** Data extract **
***
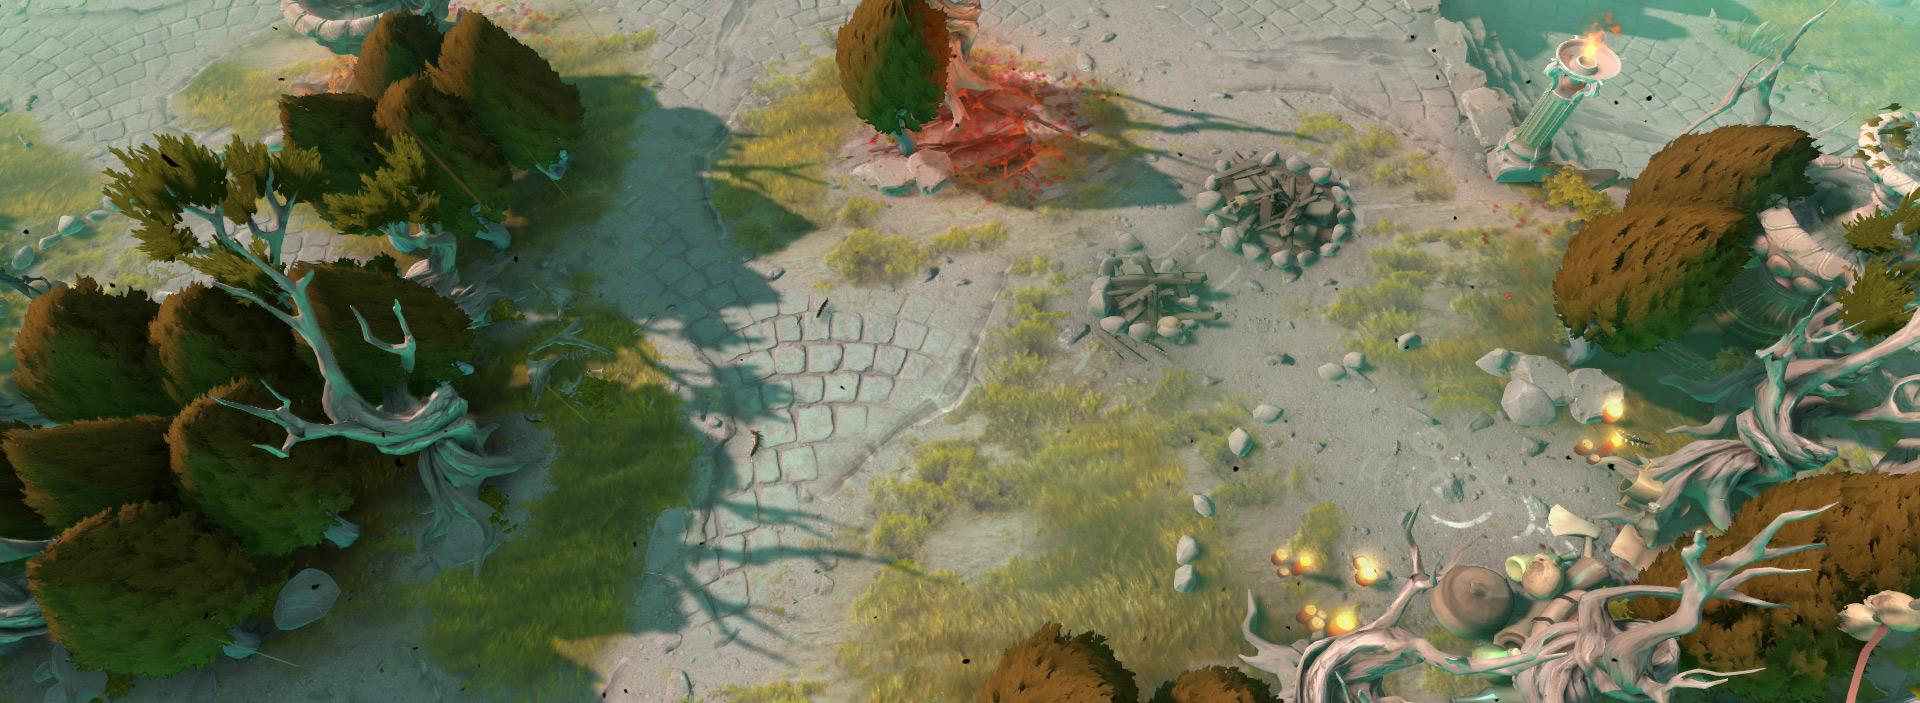 Immortal Gardens Weather Pestilence Preview 3.jpg
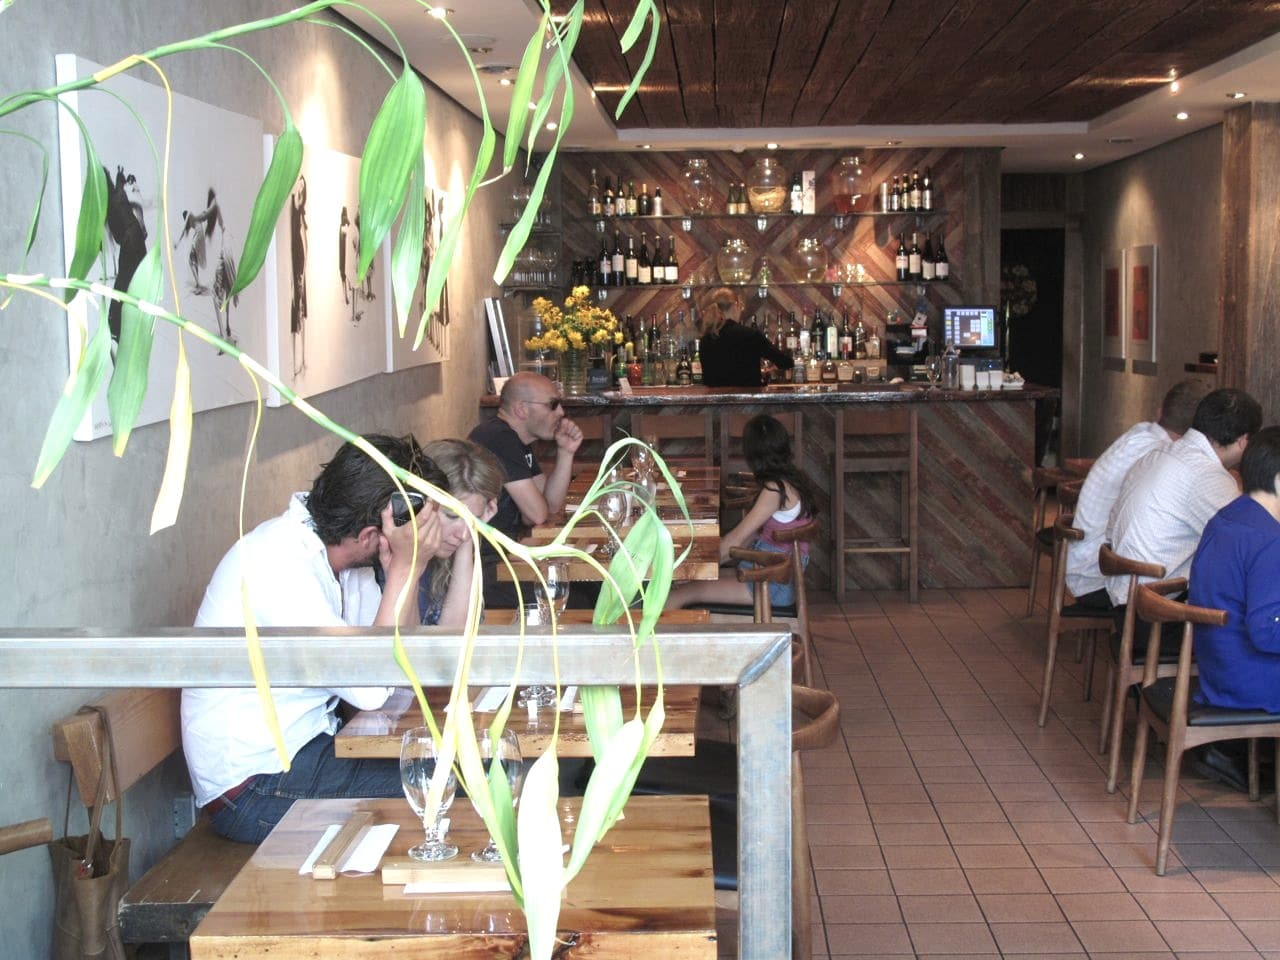 Yorkville Restaurants: Koko Share Bar offers playful Korean and Japanese dishes.
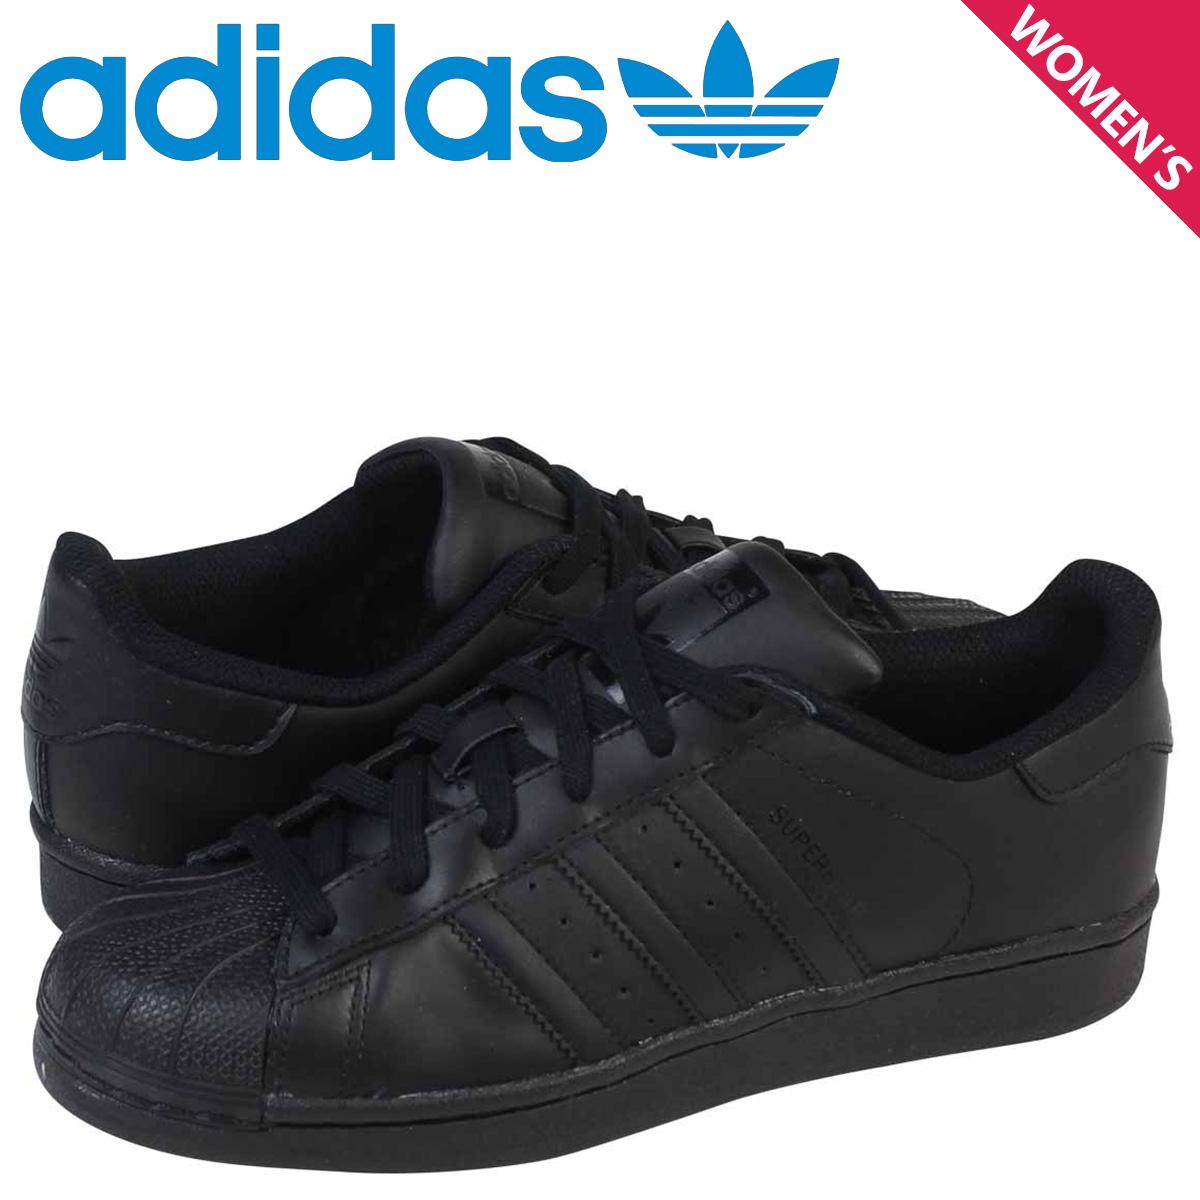 Adidas originals superstar Lady's adidas
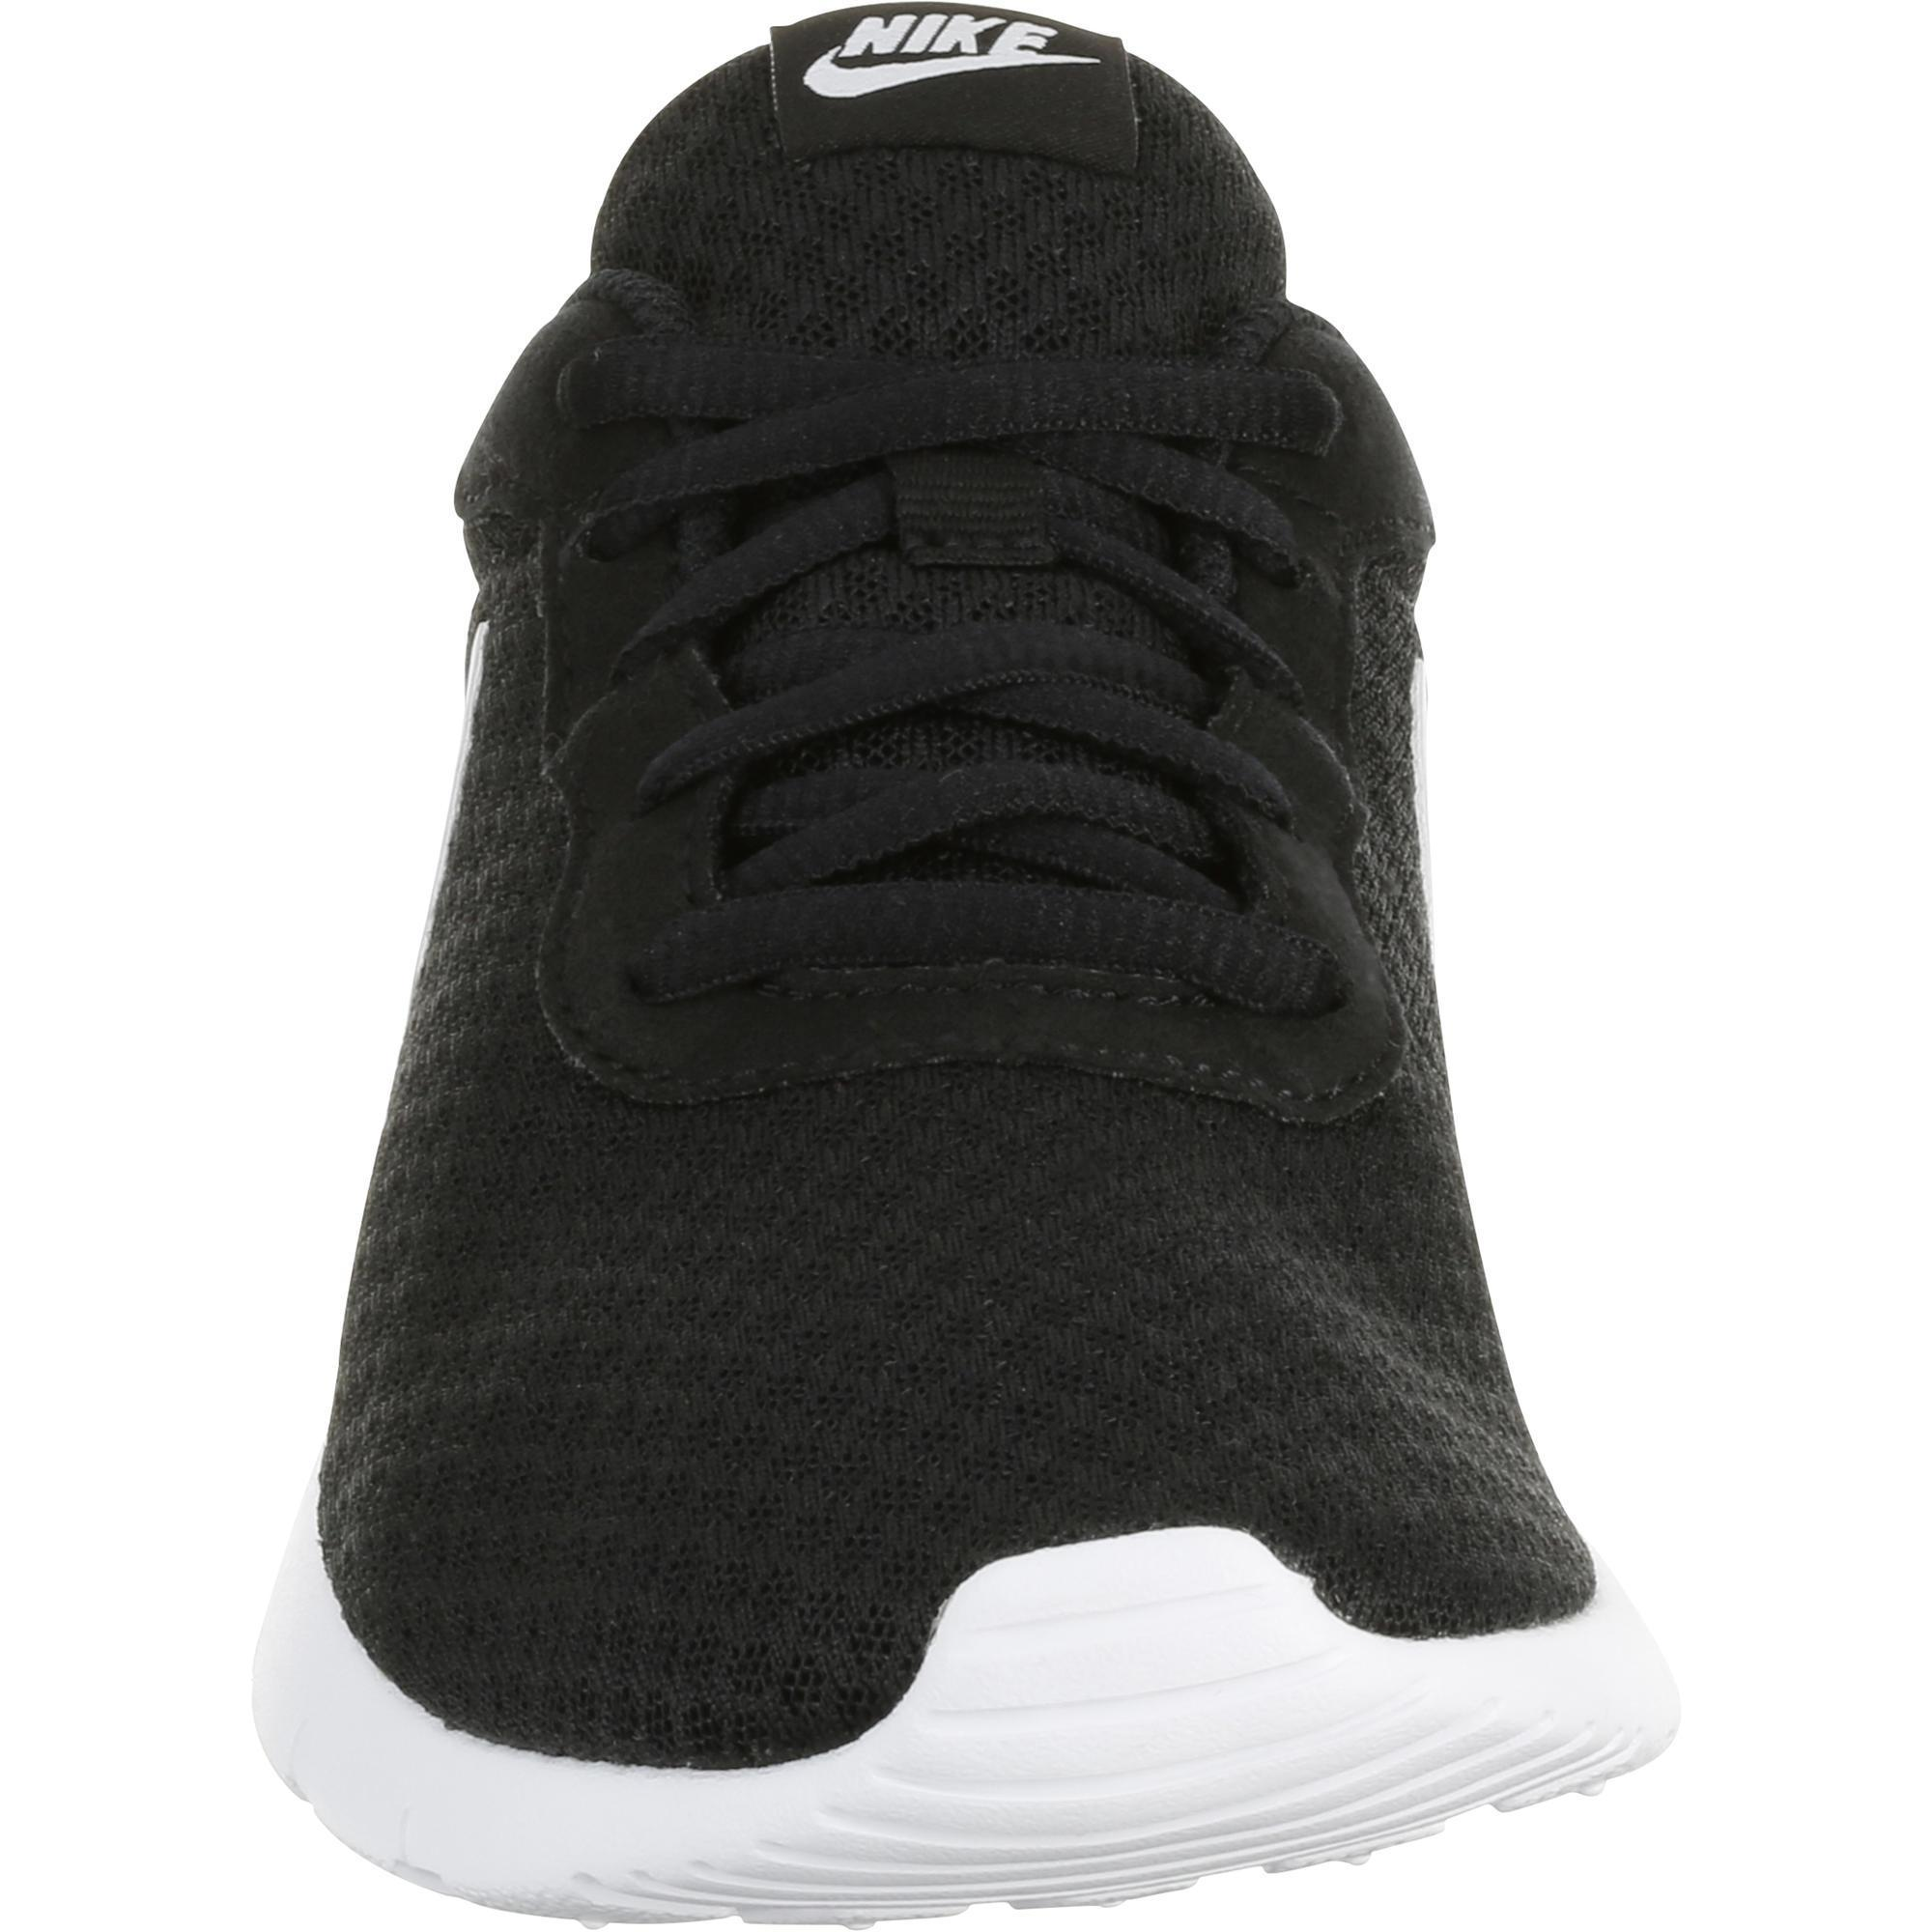 438570cbba Sportive Marche Noir Chaussures Tanjun Decathlon Blanc Enfant Nike BwPHqfB
***
** About this exercise **
Using the listing above, write out exactly the lines from the one that holds "Yorkville Restaurants: Koko" through the last line, both included, and omit pictures.

** Output of the exercise **
 Yorkville Restaurants: Koko Share Bar offers playful Korean and Japanese dishes.
 Adidas originals superstar Lady's adidas
 438570cbba Sportive Marche Noir Chaussures Tanjun Decathlon Blanc Enfant Nike BwPHqfB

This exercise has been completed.